Now to obtain this we must first make sure of our ground by thoroughly studying the documents which we possess. Well, in completing my first critical edition of the New Testament, in 1840, I became convinced that the task, so far from completed, was little more than begun, although so many and such celebrated names are found on the list of critical editors; to mention only a few out of many: Erasmus, Robert Stephens, Beza, Mill, Wetstein, Bengel, Griesbach, Matthæi, and Scholz. This conviction led me to begin my travels. I formed the design of revising and examining, with the utmost possible care, the most ancient manuscripts of the New Testament which were to be found in the libraries of Europe; and nothing seemed to me more suitable, with this end in view, than to publish with the greatest exactness the most important of these documents. I should thus secure the documents as the common property of Christendom, and ensure their safe keeping by men of learning, should the originals themselves ever happen to perish.

I extended, for this reason, my investigations to the most ancient Latin manuscripts, on account of their great importance, without passing by the Greek text of the Old Testament, which was referred to by the Apostles in preference to the original Hebrew, and which, notwithstanding its high authority, had during the lapse of two thousand years become more corrupt than that of the New Testament. I extended my researches also to the Apocryphal books of the New Testament, as the present treatise will readily show. These works bear upon the canonical books in more respects than one, and throw a considerable light on Christian antiquity. The greater number of them were buried in our great libraries, and it is doubtful if any one of them had received the attention which it deserved. In the next place, I proposed to collect together all the Greek manuscripts which we possess, which are of a thousand years' antiquity, including in the list even those which do not bear on the Bible, so as to exhibit in a way never before done, when and how the different manuscripts had been written. In this way we should be better able to understand why one manuscript is to be referred to the fourth century, another to the fifth, and a third to the eighth, although they had no dates attached to determine when they were written.

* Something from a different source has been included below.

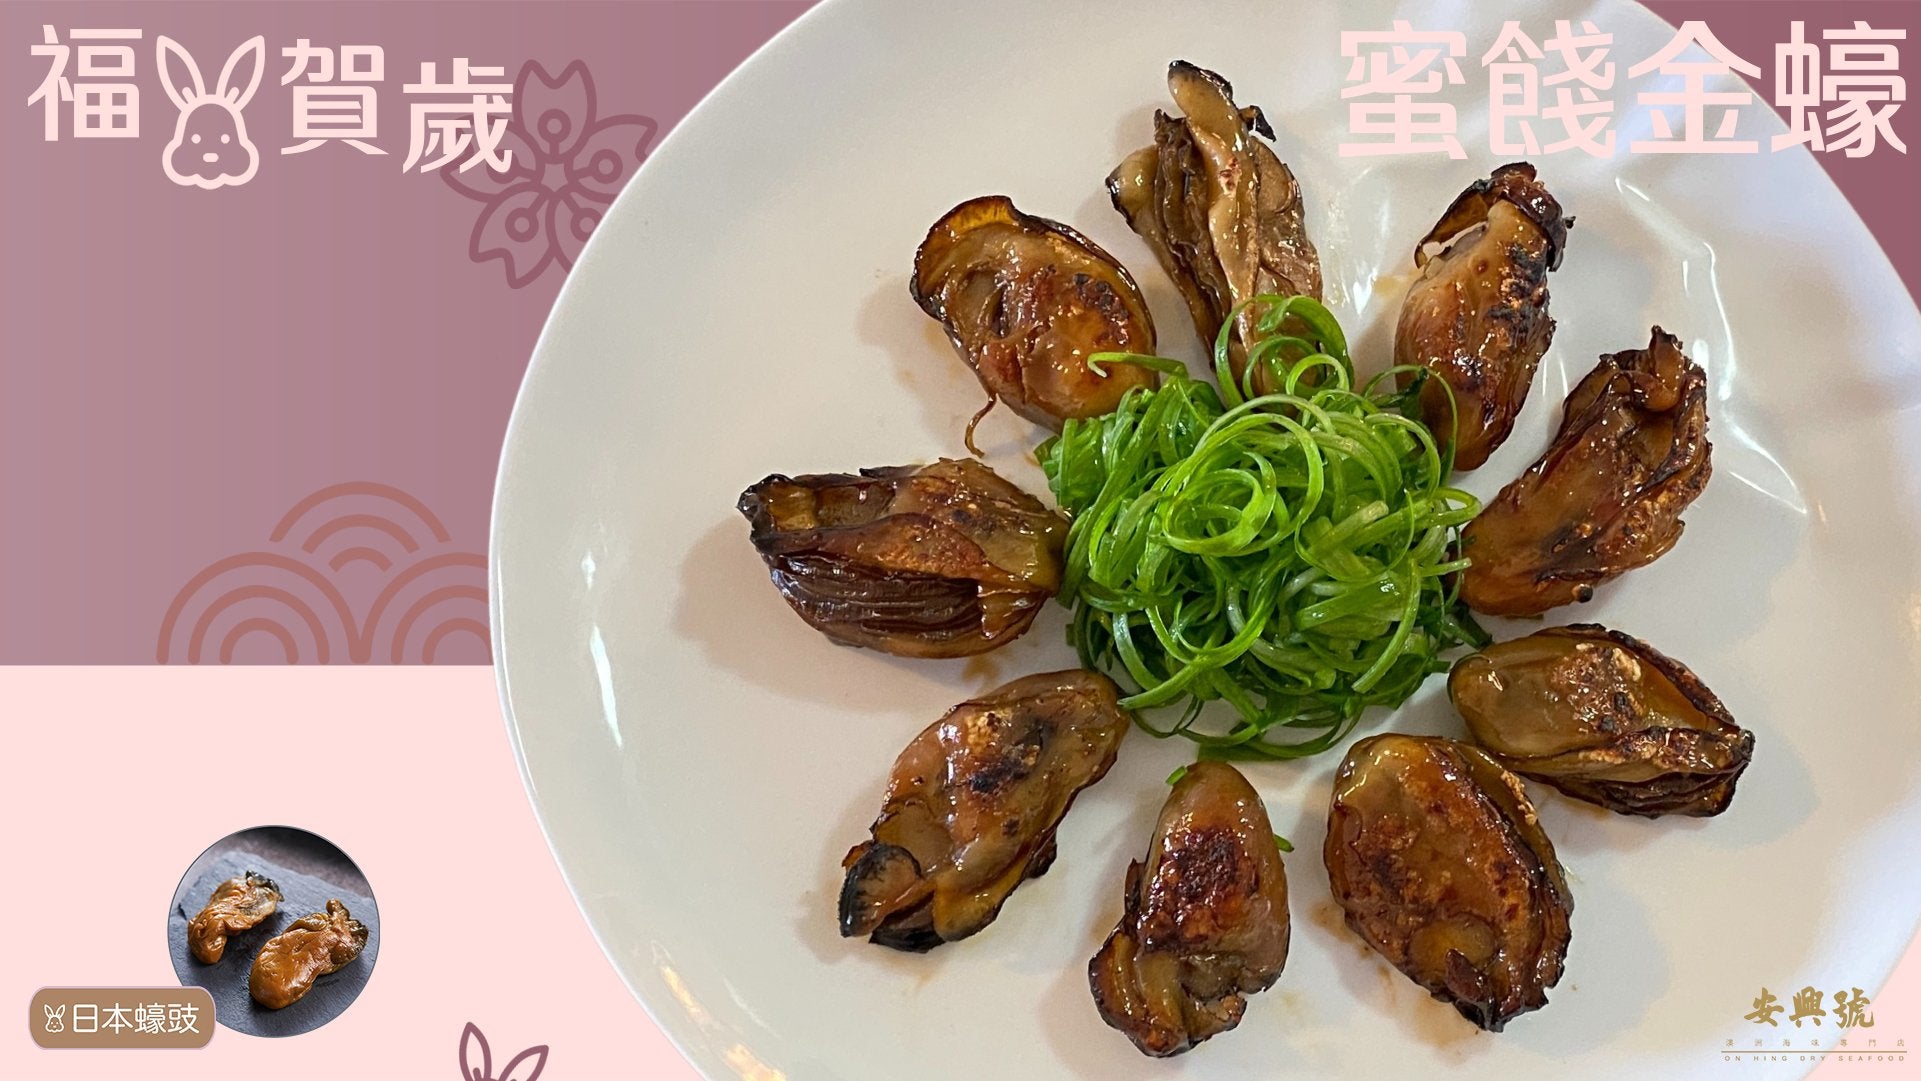 賀年菜 蜜餞金蠔 蜜汁煎蠔豉(3-5人份) - On Hing Dry Seafood

Such then have been the various objects which I hoped to accomplish by my travels. To some, all this may seem mere learned labour: but permit me to add that the science touches on life in two important respects; to mention only two,—to dear up in this way the history of the sacred text, and to recover if possible the genuine apostolic text which is the foundation of our faith,—these cannot be matters of small importance. The whole of Christendom is, in fact, deeply interested in these results. Of this there can be no doubt; and the extraordinary proofs of interest that the Christian world has given me are alone a sufficient attestation.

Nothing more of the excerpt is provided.